# granit-parser
[](https://github.com/rust-secure-code/safety-dance/)
[](https://effective-rust.com/panic.html)
[](https://github.com/bourumir-wyngs/granit-parser/actions/workflows/ci.yml)
[](https://docs.rs/granit-parser)
[](https://codecov.io/gh/bourumir-wyngs/granit-parser)
[](https://badge.socket.dev/cargo/package/granit-parser/0.0.1)
[](https://crates.io/crates/granit-parser)
[](https://crates.io/crates/granit-parser)
[](https://github.com/bourumir-wyngs/granit-parser/actions/workflows/api-compat.yml)
[](https://crates.io/crates/granit-parser)
> “YAML is hard. Much more than I had anticipated. If you are exploring dark corners of YAML ... I'm curious to know what it is.”
>
> — [Ethiraric](https://crates.io/users/Ethiraric)
**granit-parser** is both YAML 1.1 and 1.2 compliant parser in pure Rust with strict compliance, comment and style support, no-std support, and spans for parser events. “Granit” is a correct word in many European languages (English *granite*).

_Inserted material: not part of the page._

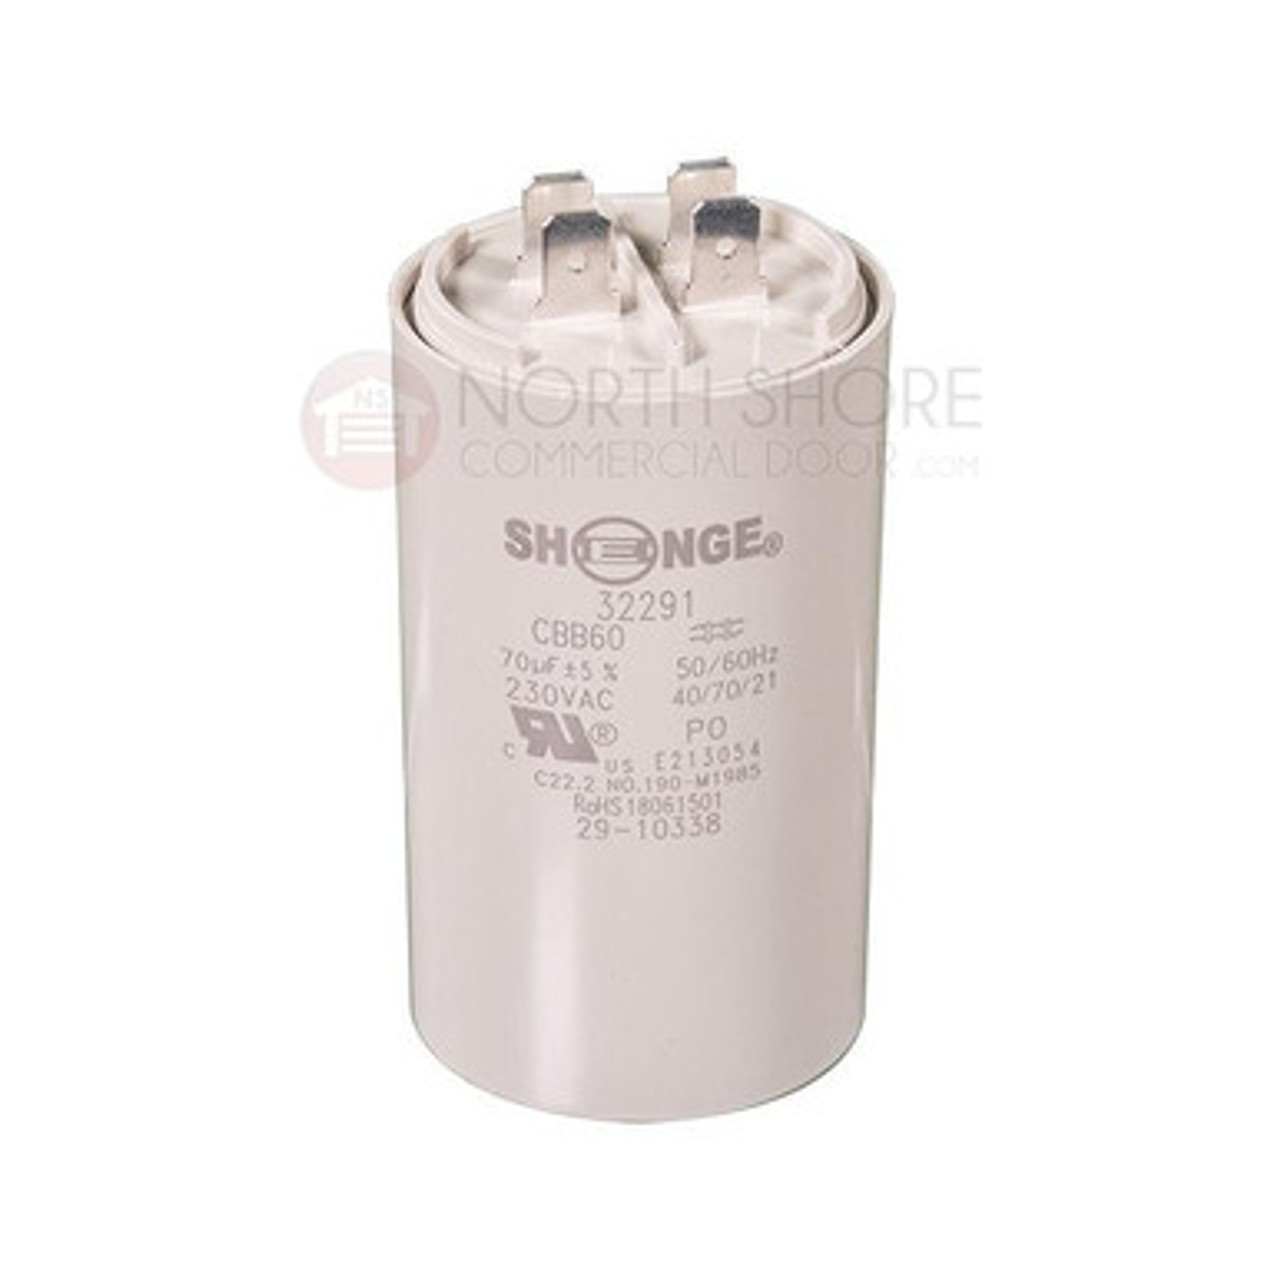 LiftMaster 29-10338 Capacitor 1/2 HP 70 MFD with bracket

This crate started as a fork of [saphyr-parser](https://crates.io/crates/saphyr-parser) that descends from [yaml-rust](https://github.com/chyh1990/yaml-rust), with influences from [libyaml](https://crates.io/crates/libyaml) and [yaml-cpp](https://github.com/jbeder/yaml-cpp). The project has since diverged significantly and is now maintained as an independent project.
Its primary goals are:
* [`Comment`](https://docs.rs/granit-parser/latest/granit_parser/struct.Comment.html) support and [`StructureStyle`](https://docs.rs/granit-parser/latest/granit_parser/enum.StructureStyle.html) information. This is for linting, formatting, and analysis.
* compliance with the [yaml-test-suite](https://github.com/yaml/yaml-test-suite), including correctness in edge cases
* compatibility with real-world YAML usage
* quickly incorporate the changes we need for the upstream dependency [serde-saphyr](https://crates.io/crates/serde-saphyr).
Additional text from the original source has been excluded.